___ Collected material

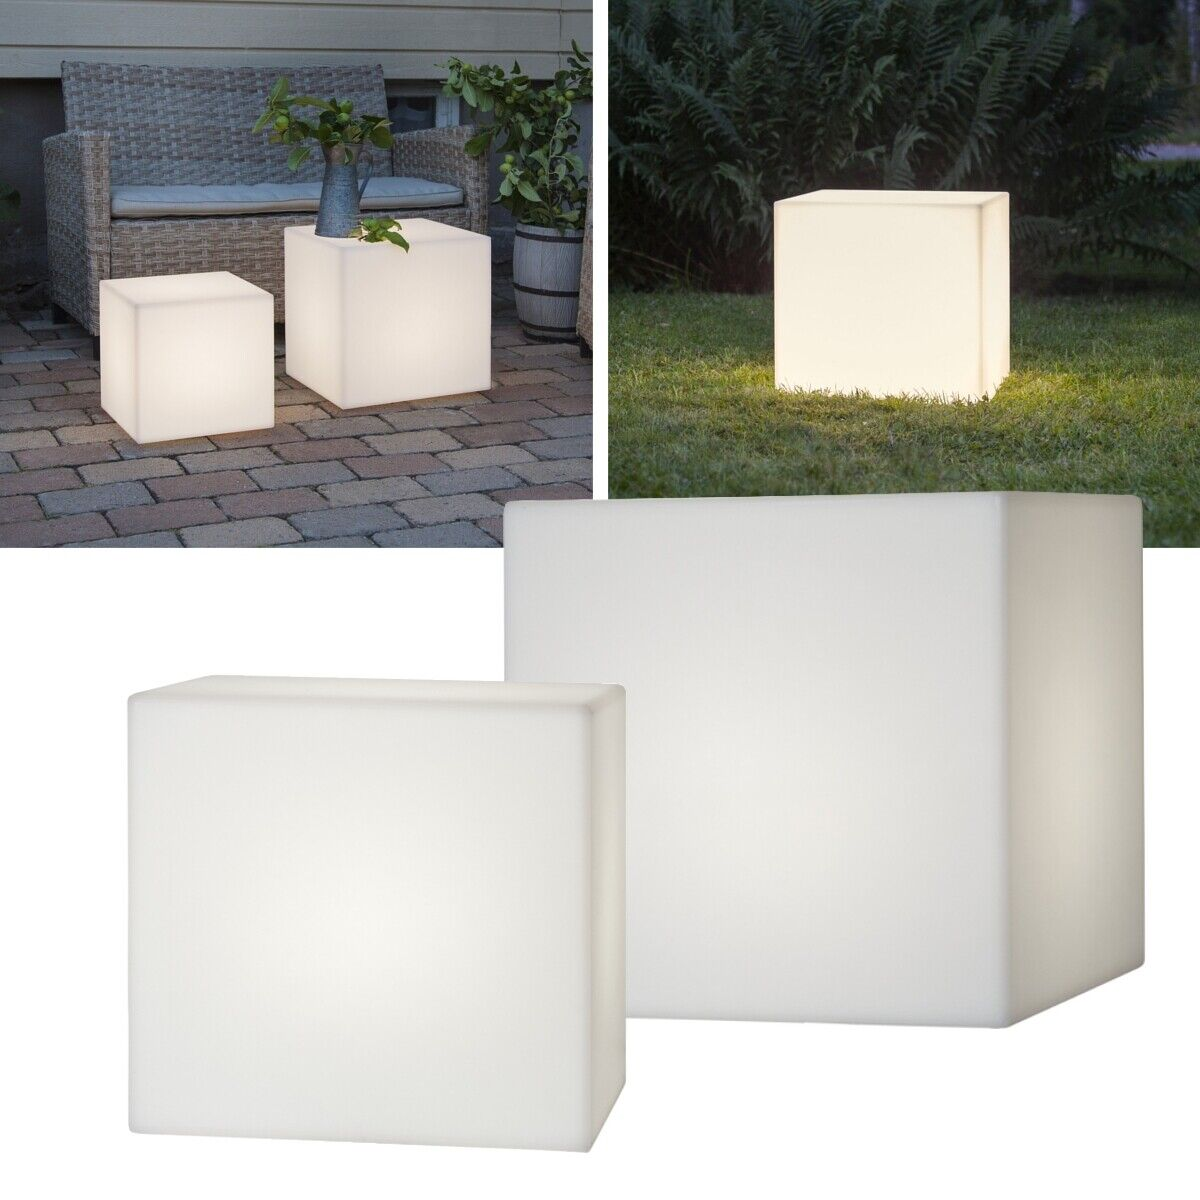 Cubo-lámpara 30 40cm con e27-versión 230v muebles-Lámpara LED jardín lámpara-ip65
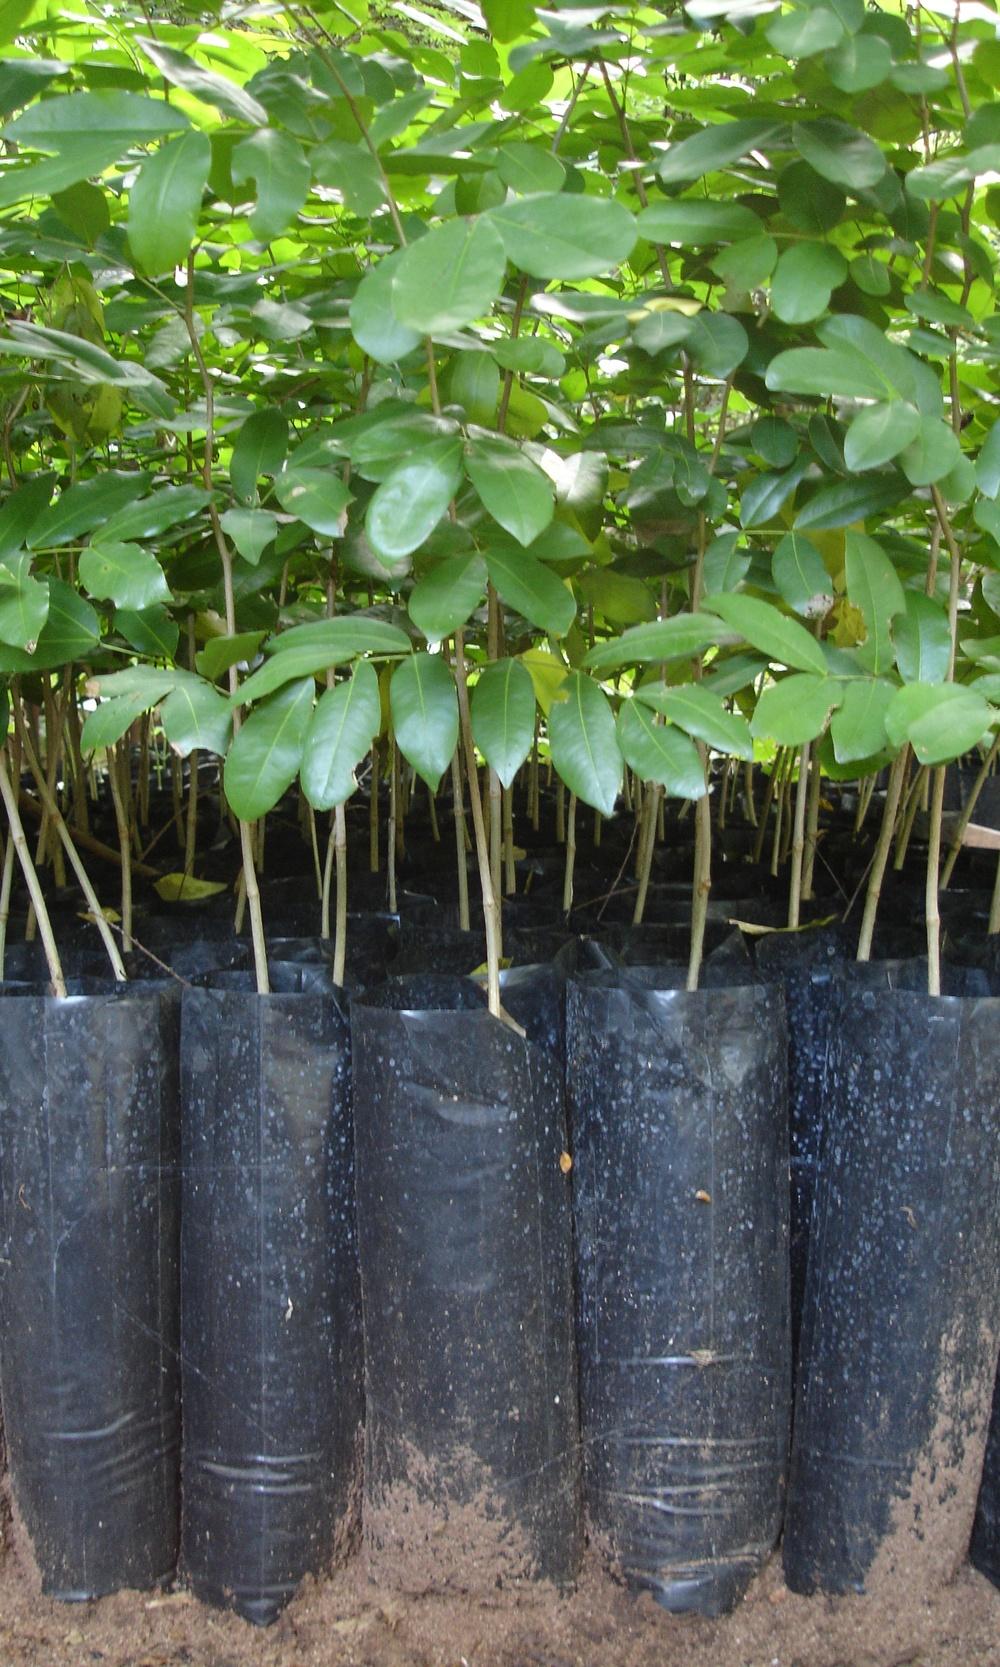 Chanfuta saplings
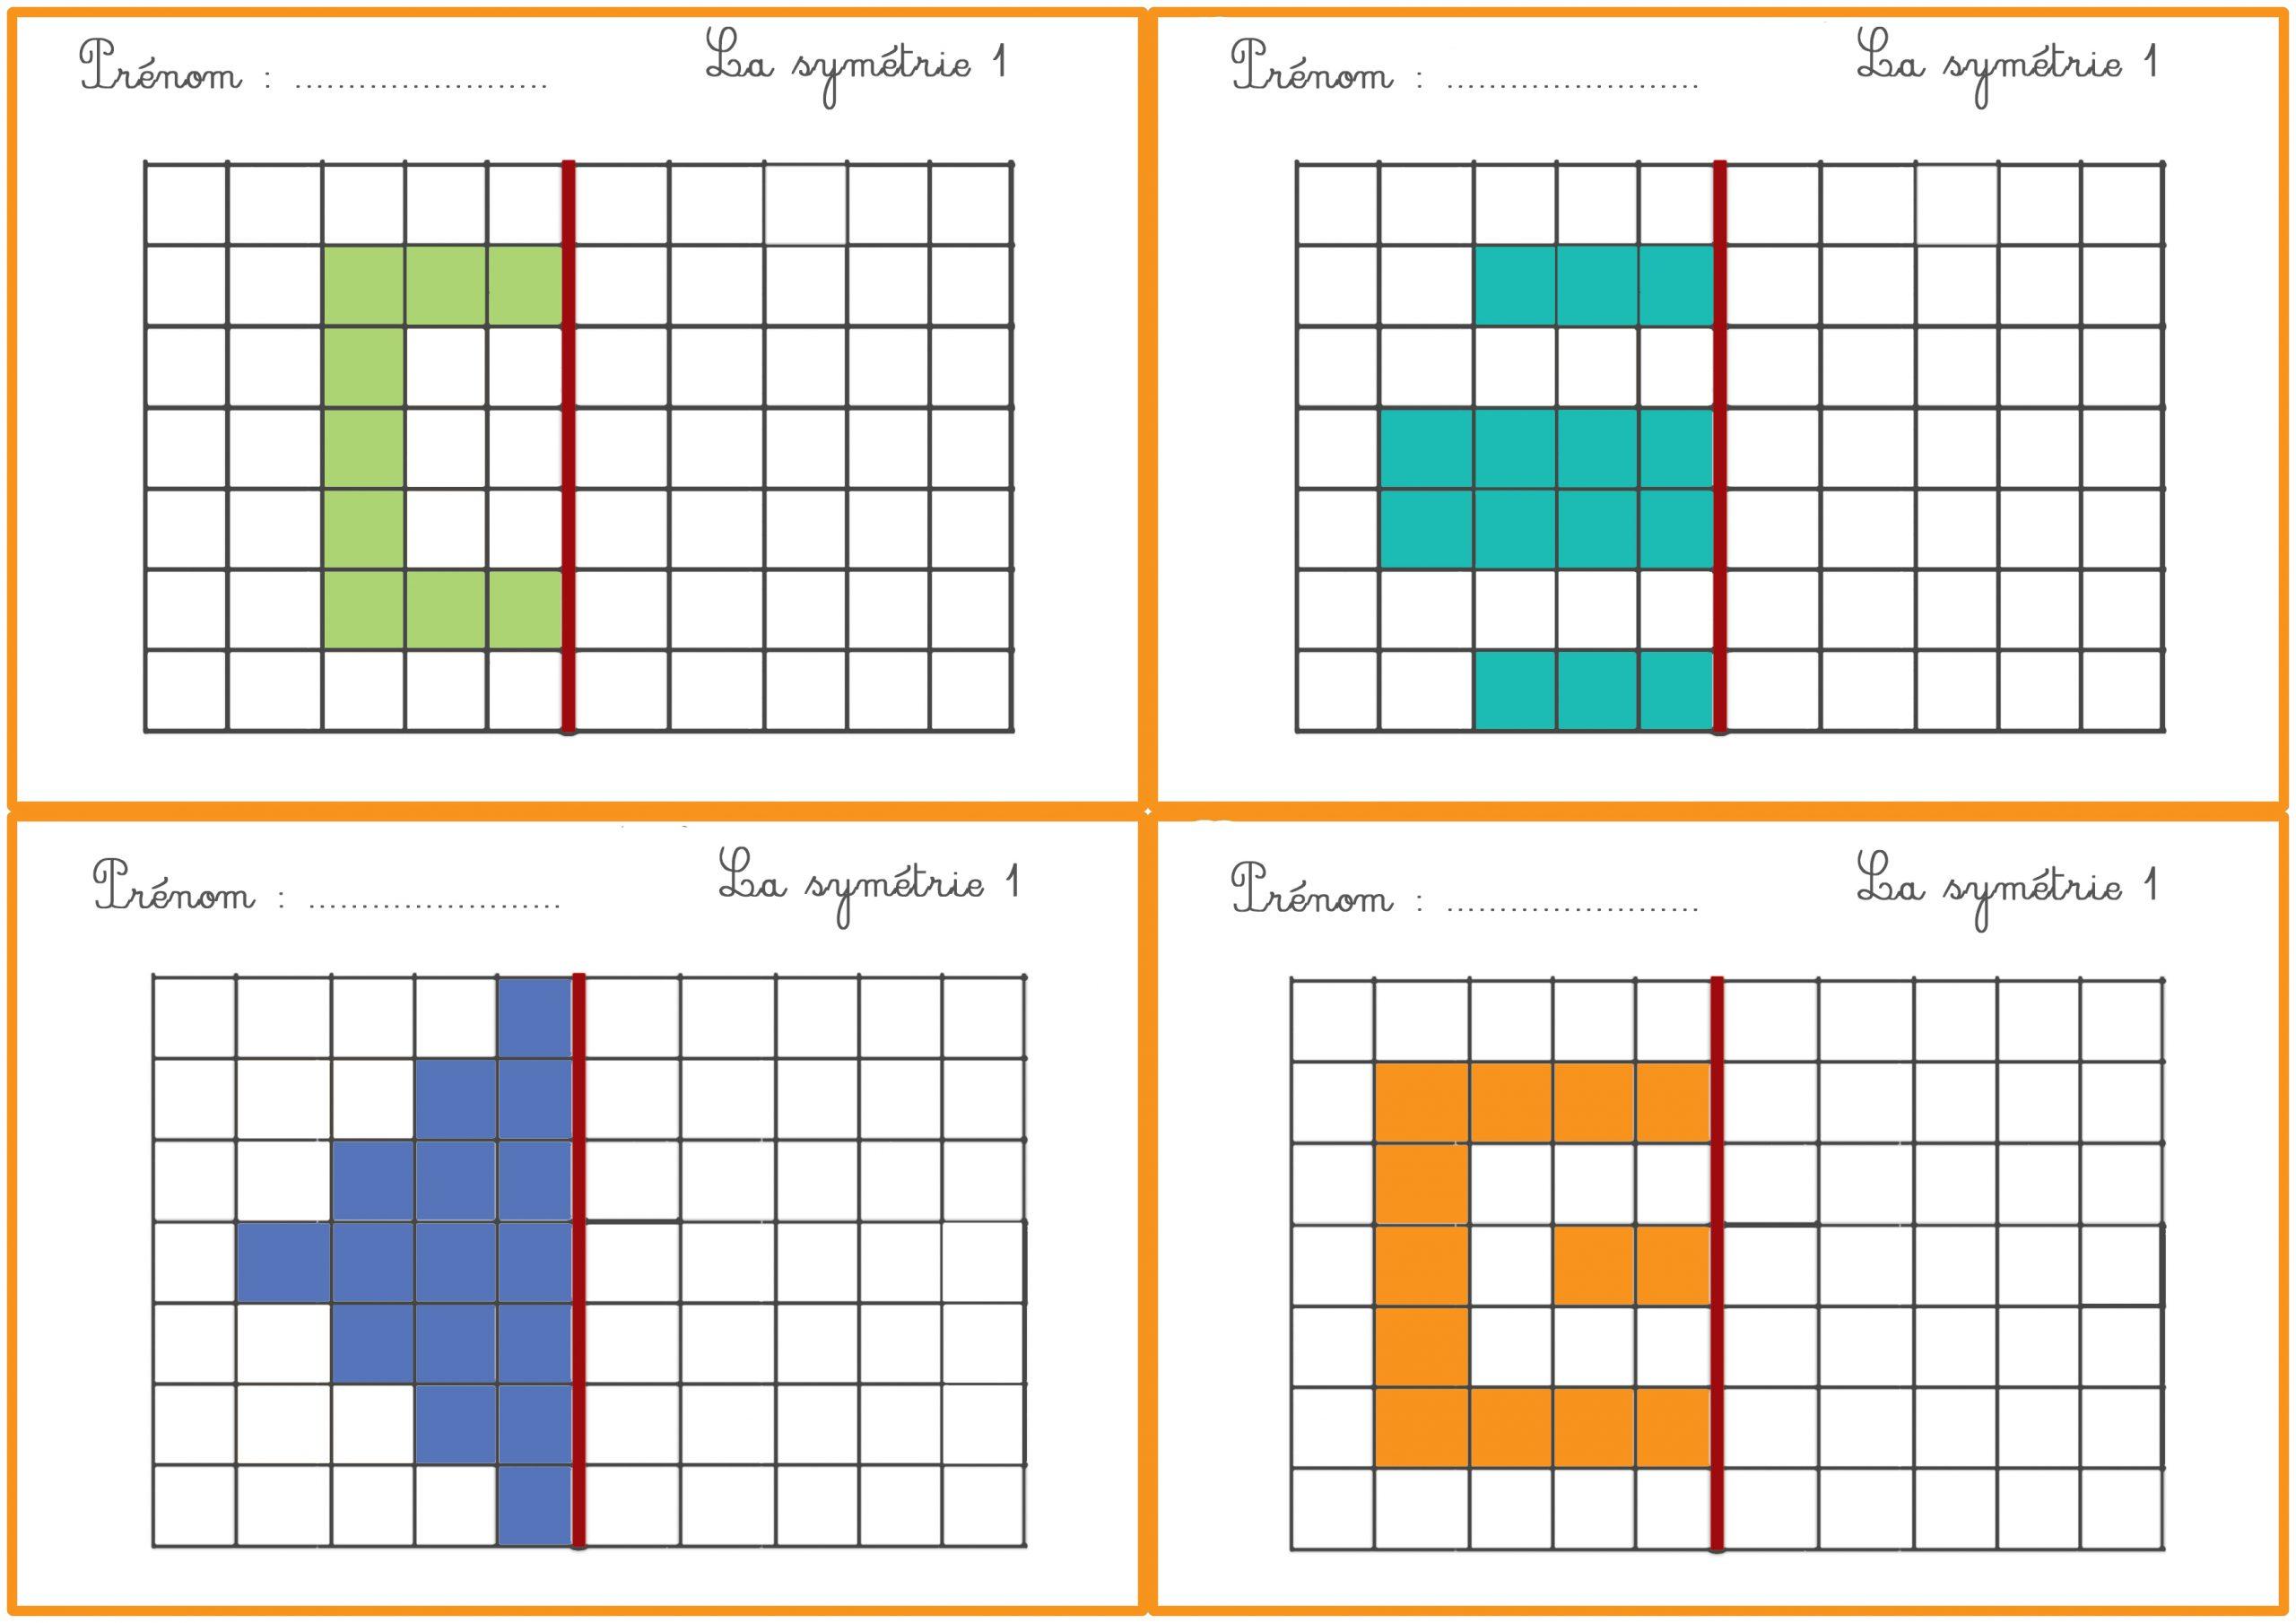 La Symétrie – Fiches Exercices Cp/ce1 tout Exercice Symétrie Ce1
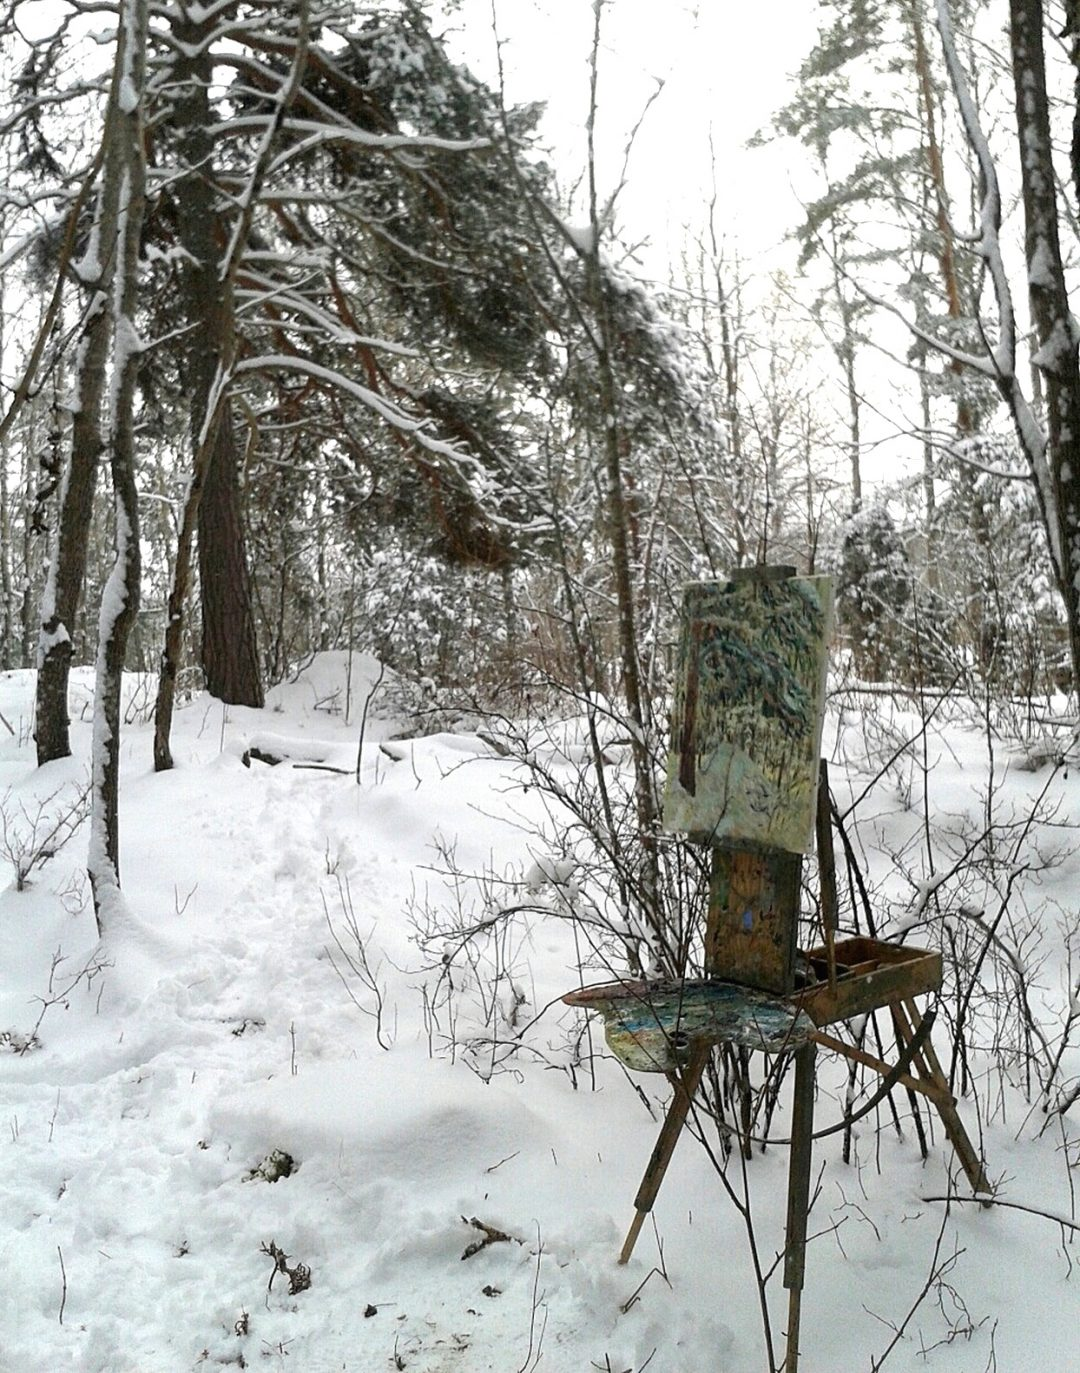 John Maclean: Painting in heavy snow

______

Reproduce the listing in full and exactly, excluding any pictures it holds.

Result for this exercise –
 Cubo-lámpara 30 40cm con e27-versión 230v muebles-Lámpara LED jardín lámpara-ip65
 Chanfuta saplings
 La Symétrie – Fiches Exercices Cp/ce1 tout Exercice Symétrie Ce1
 John Maclean: Painting in heavy snow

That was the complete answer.